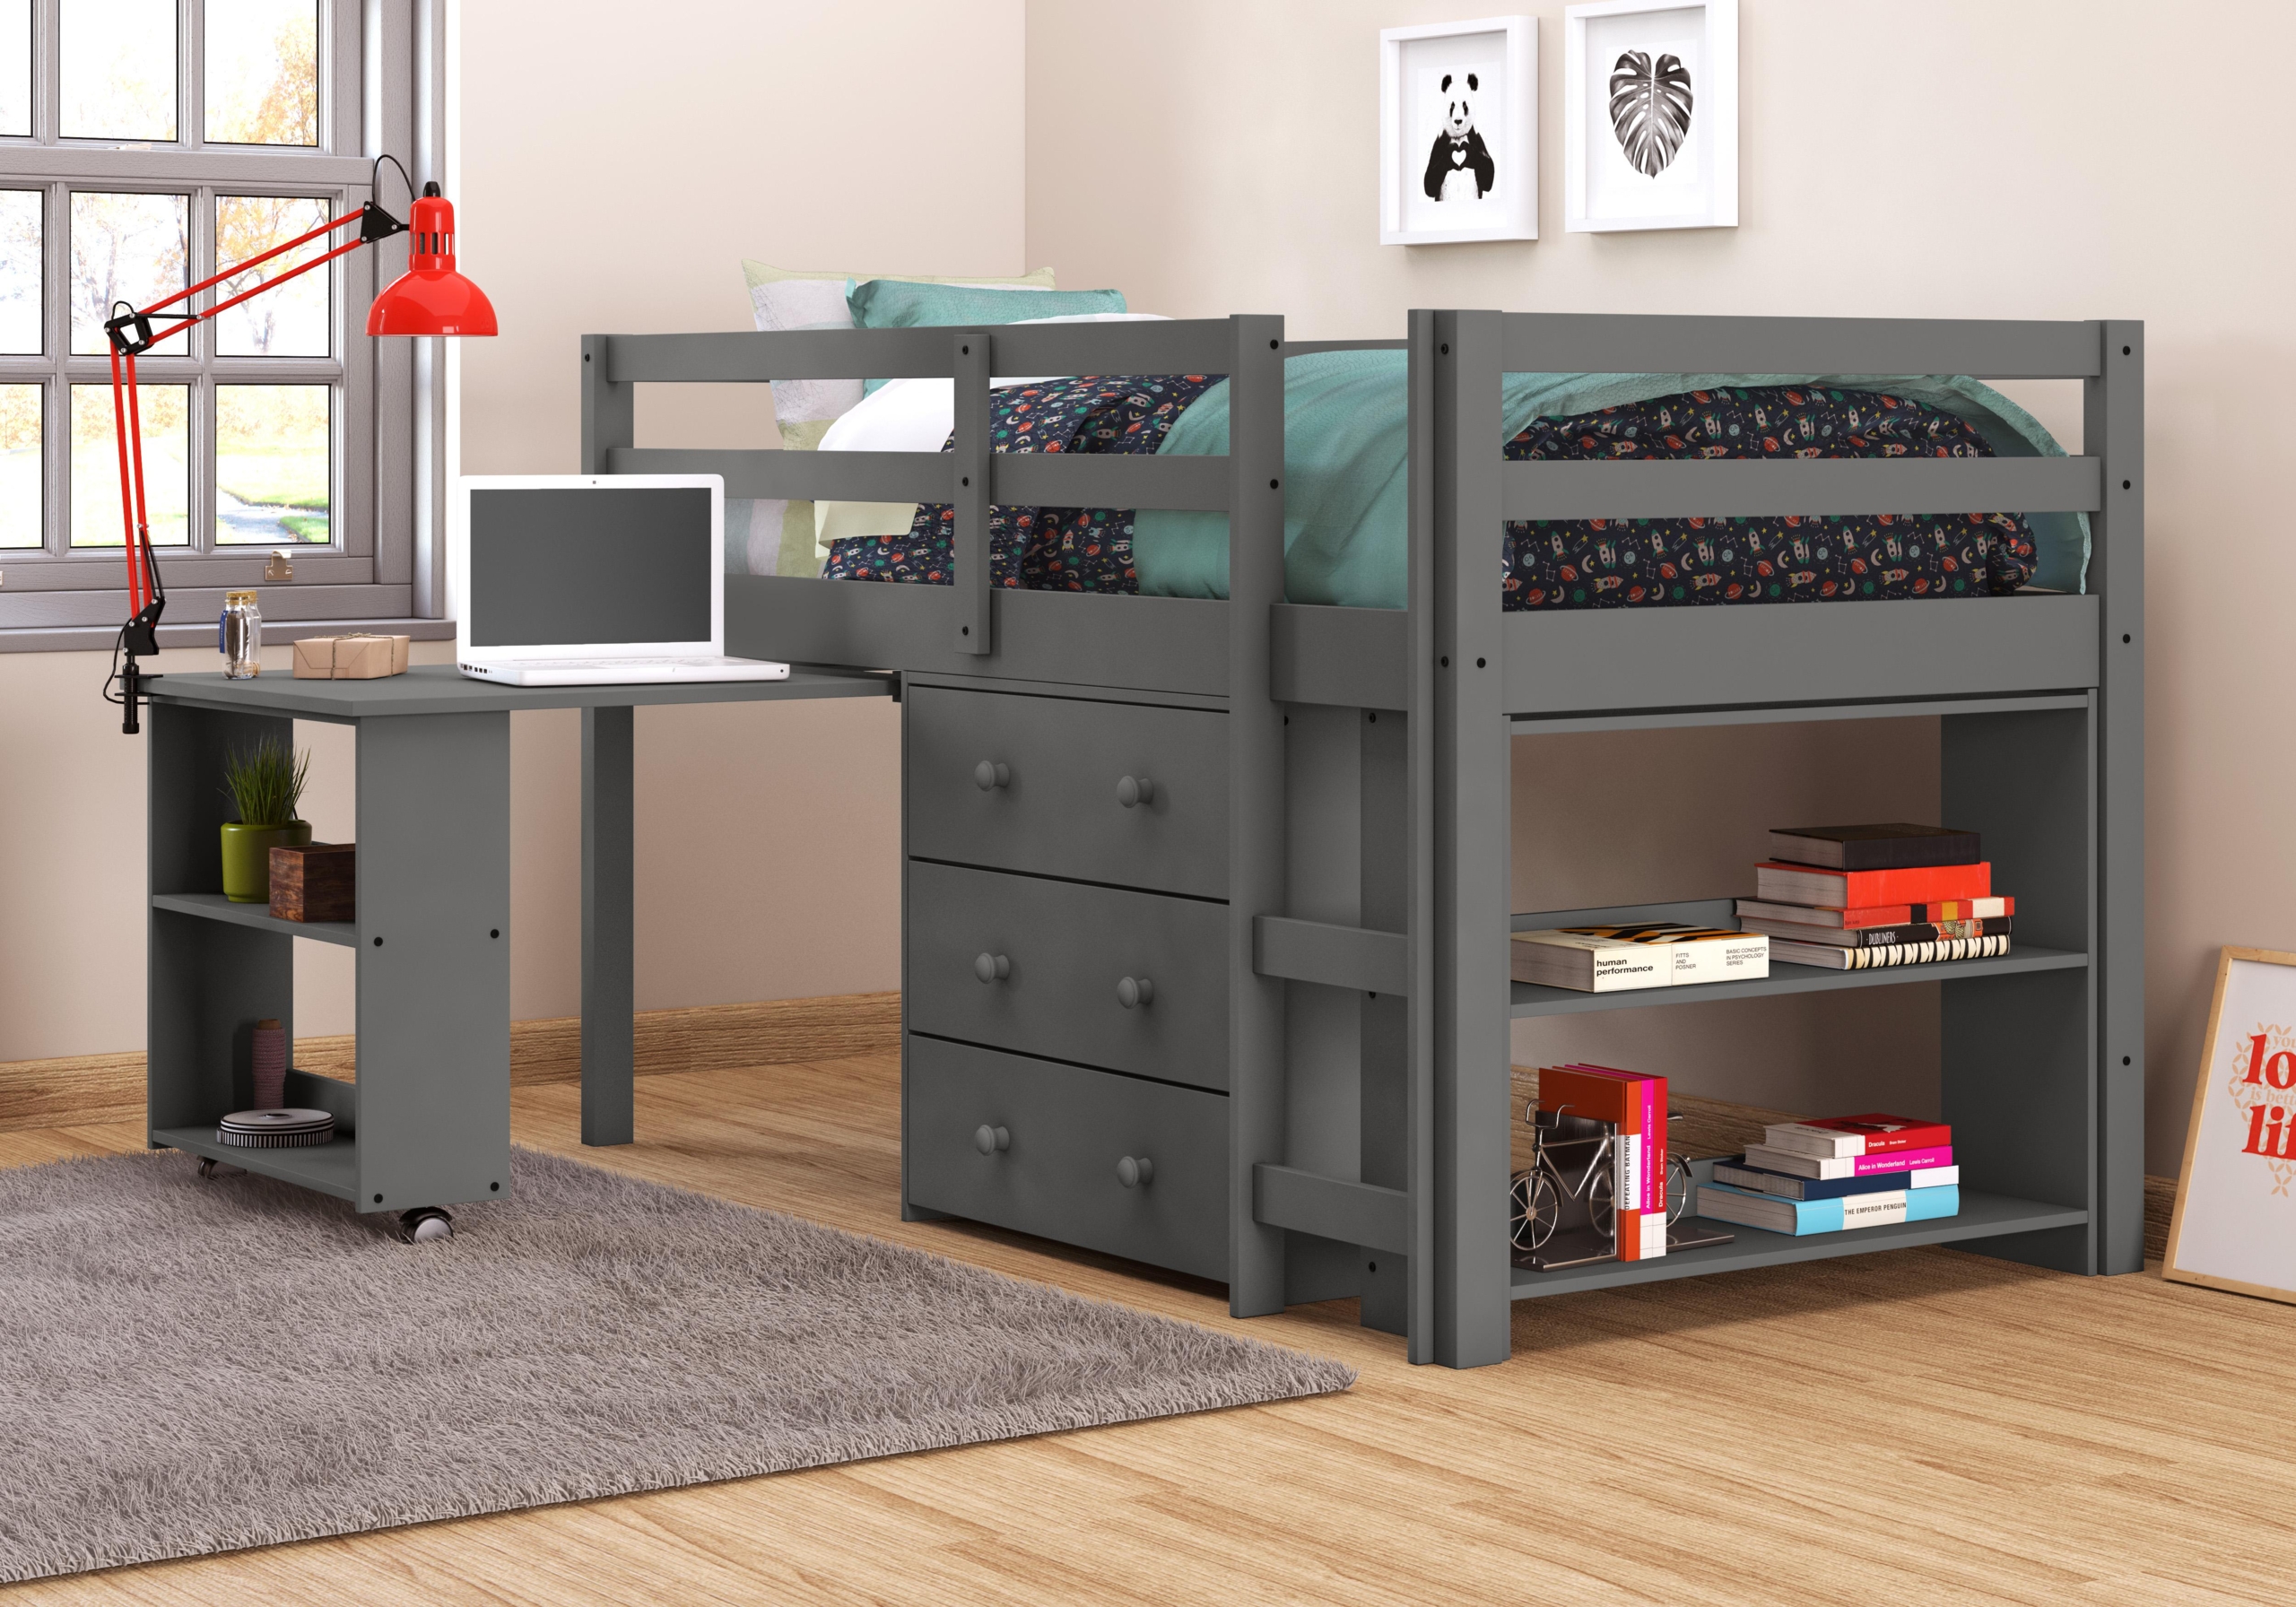 Bunk Beds With Dressers Visualhunt, Bunk Bed With Dresser
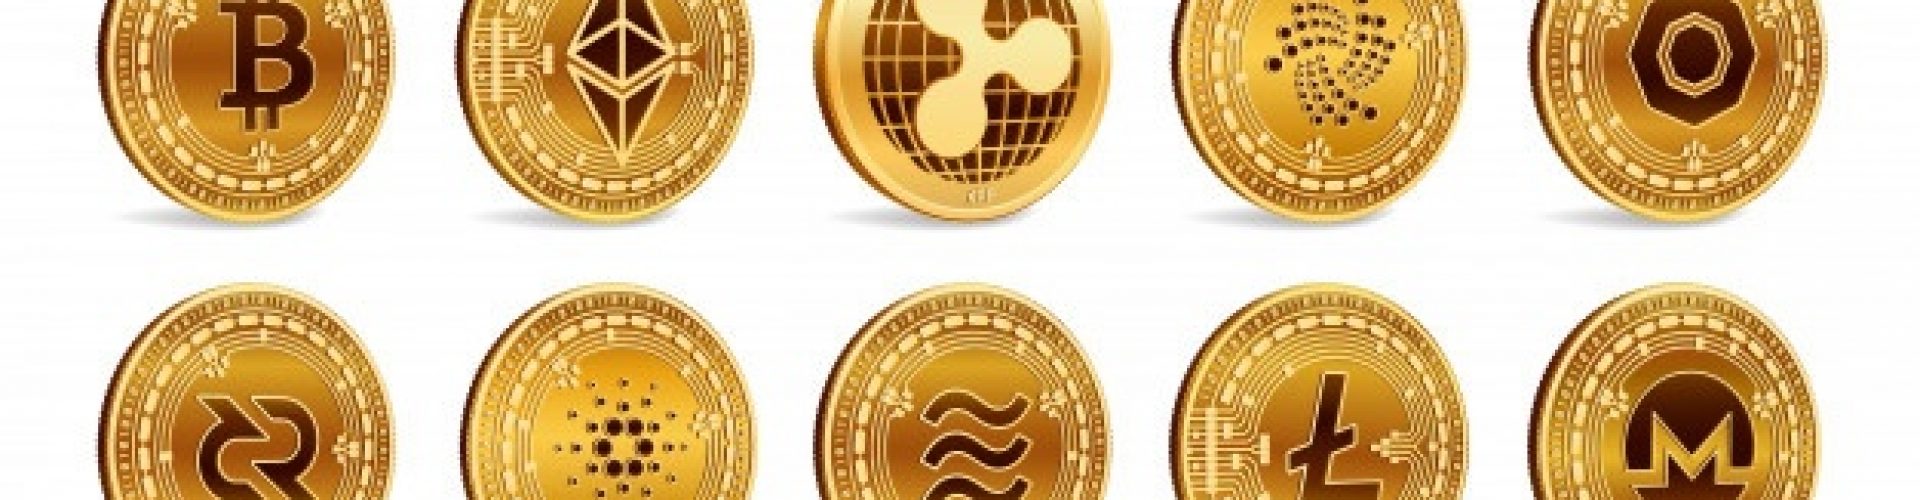 cryptocurrency-3d-golden-coins-set-bitcoin-ripple-ethereum-litecoin-monero-other_127544-1096
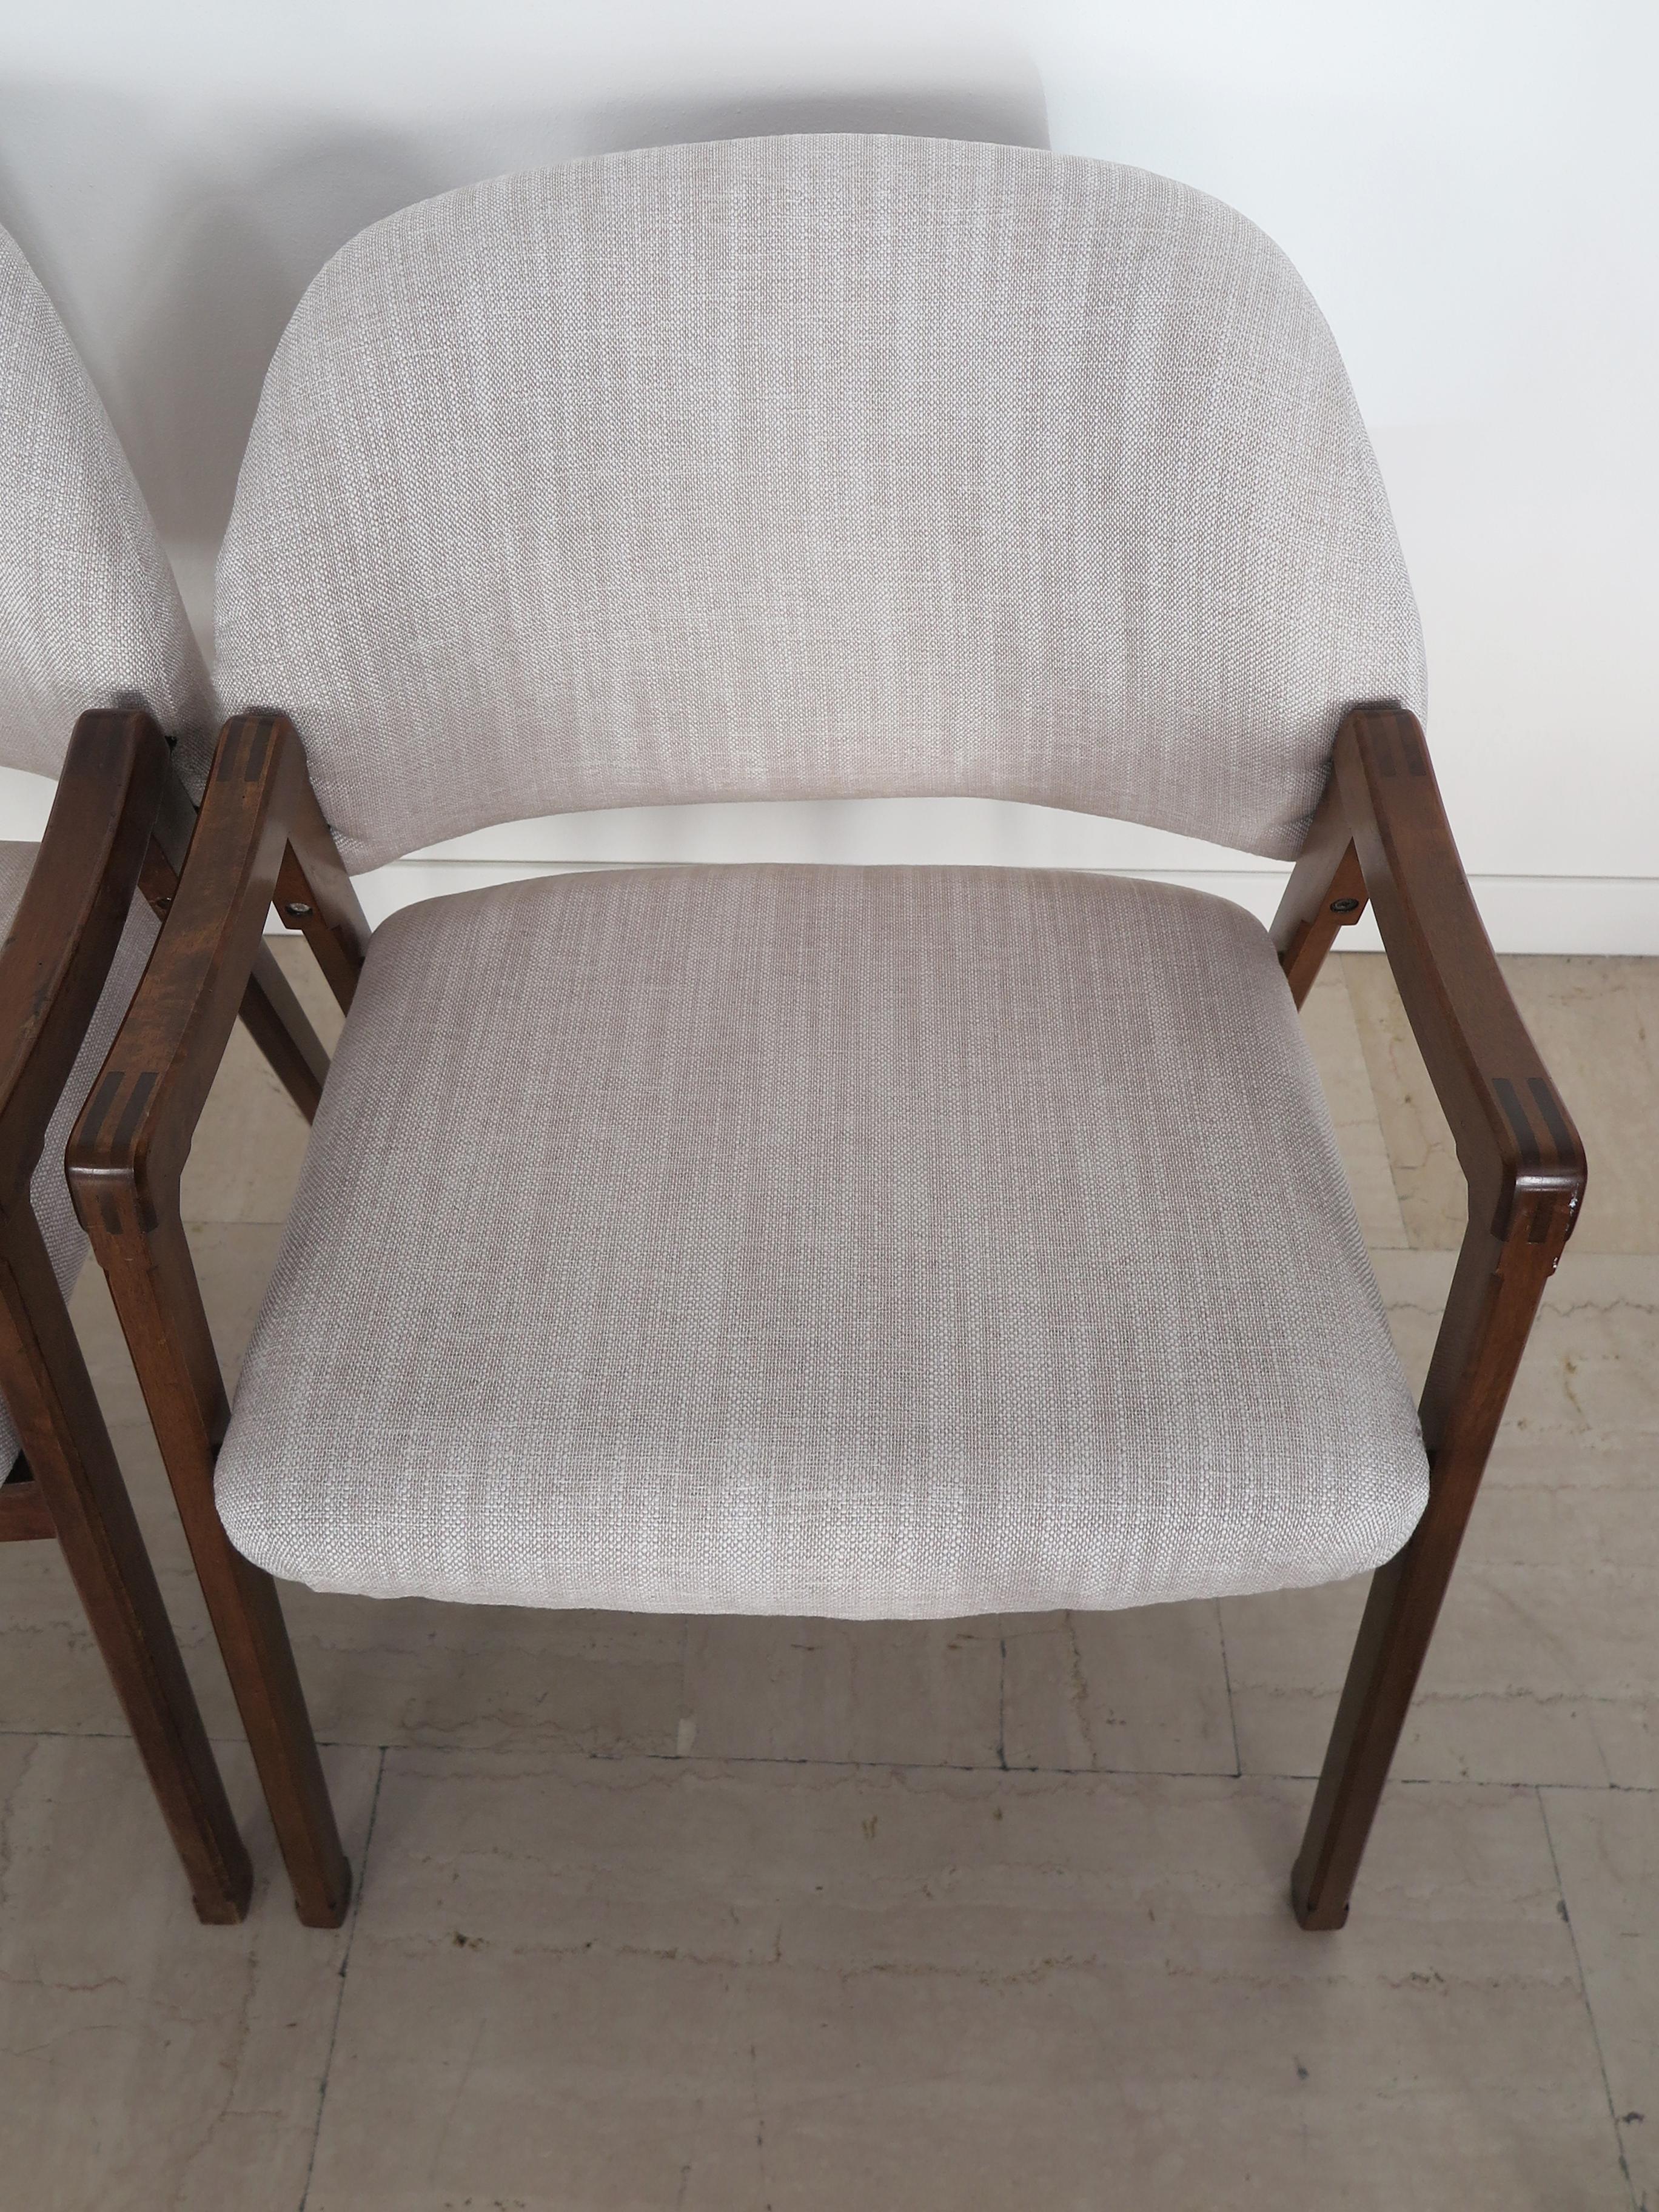 Ico Parisi Italian Midcentury Fabric Wood Armchair Model 814 for Cassina, 1960s For Sale 6
**********
### Task directions
Omit pictures and output the listing exactly.

### Finished task
 Bunk Beds With Dressers Visualhunt, Bunk Bed With Dresser
 cryptocurrency-3d-golden-coins-set-bitcoin-ripple-ethereum-litecoin-monero-other_127544-1096
 Ico Parisi Italian Midcentury Fabric Wood Armchair Model 814 for Cassina, 1960s For Sale 6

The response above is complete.